The cancer-immunity cycle (CIC) outlines key steps of anti-tumor immunity from antigen release to T cell effector function. A comprehensive evaluation of the CIC in patients with breast cancer is lacking, which limits the accurate assessment of immune status and selection of patients suitable for immune checkpoint inhibitor (ICI) therapy.

Methods

A signature that describes the six steps of the CIC in the primary tumor was constructed. This signature was used to calculate a CIC score in our previously published breast cancer cohort (n = 752) and classify patients into 3 distinct CIC clusters. The predictive value of the ICI response was validated in pan-cancer ICI-treated cohorts. Clusters with distinct characteristics were further identified through multi-omic analyses, including genomics, metabolomics, and single-cell RNA sequencing.

Results

Breast cancer patients were classified into three CIC clusters: cluster 1 [C1] (immune-cold); cluster 2 [C2] (antigen presentation-deficient); and cluster 3 [C3] (immune-hot).
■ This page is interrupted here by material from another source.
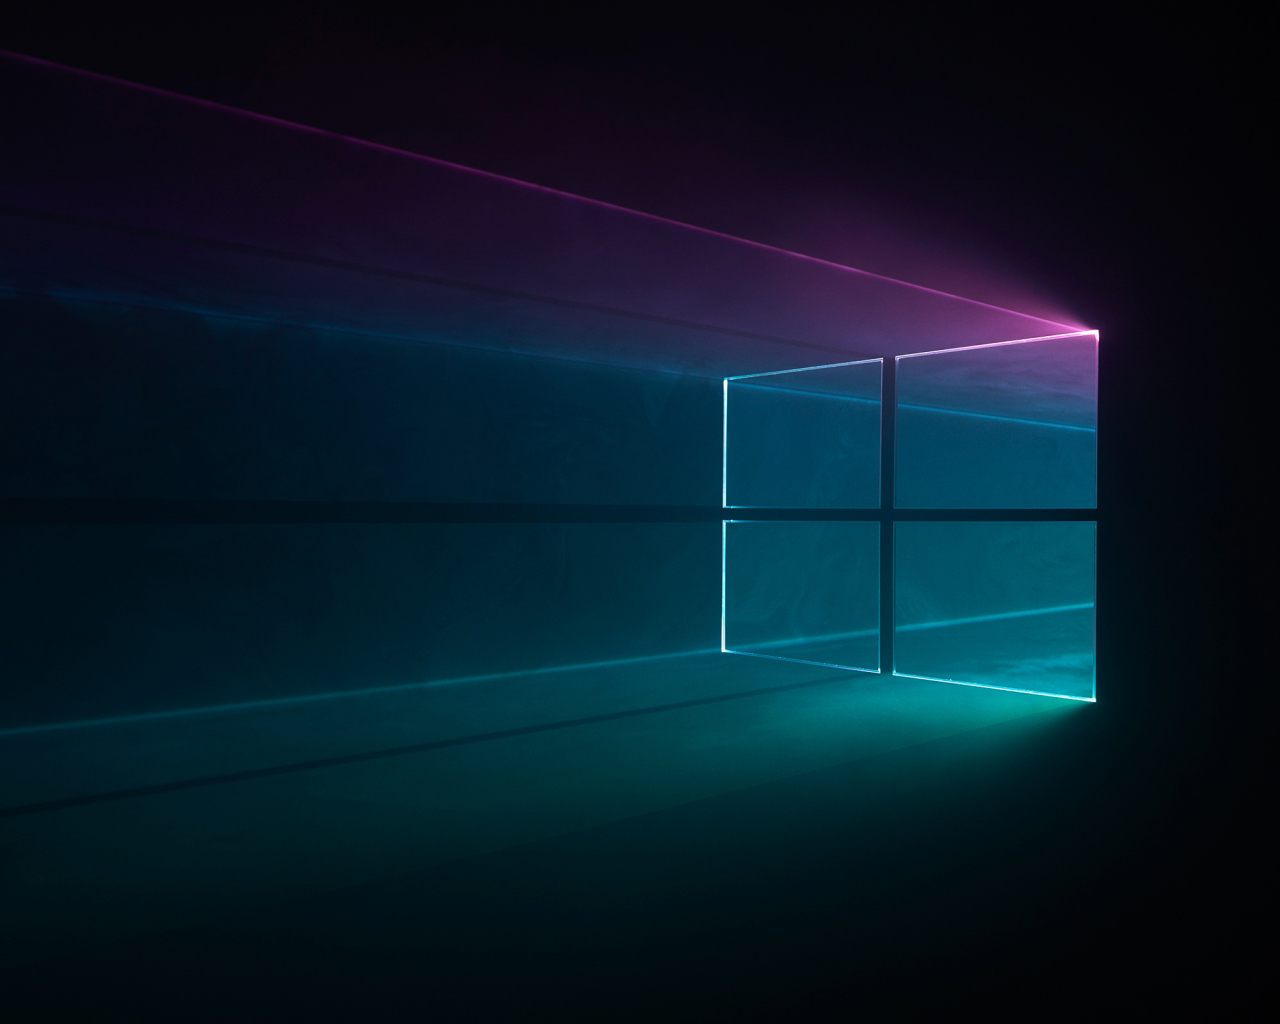 Windows 10 , HD Wallpaper & Backgrounds

C3 showed abundant immune infiltration that correlated with a better ICI response. In addition to reduced immune infiltration, C1 patients exhibited macrophage phenotypic conversion. The tumor microenvironment of C2 was marked by elevated regulatory T cells and dysfunctional dendritic cells. Genomic analysis of C2 showed a high tumor mutational burden with frequent HLA loss of heterozygosity. C1 was enriched in lipid metabolism pathways and C3 in glycolysis features. PSAT1, a serine-related gene, was identified as a key metabolic regulator in C2, suggesting a role in influencing immunoregulatory molecules.

Conclusions

This study provided a novel framework for classifying tumors based on the CIC characteristics, revealing distinct biological and clinical profiles and suggesting broad clinical significance.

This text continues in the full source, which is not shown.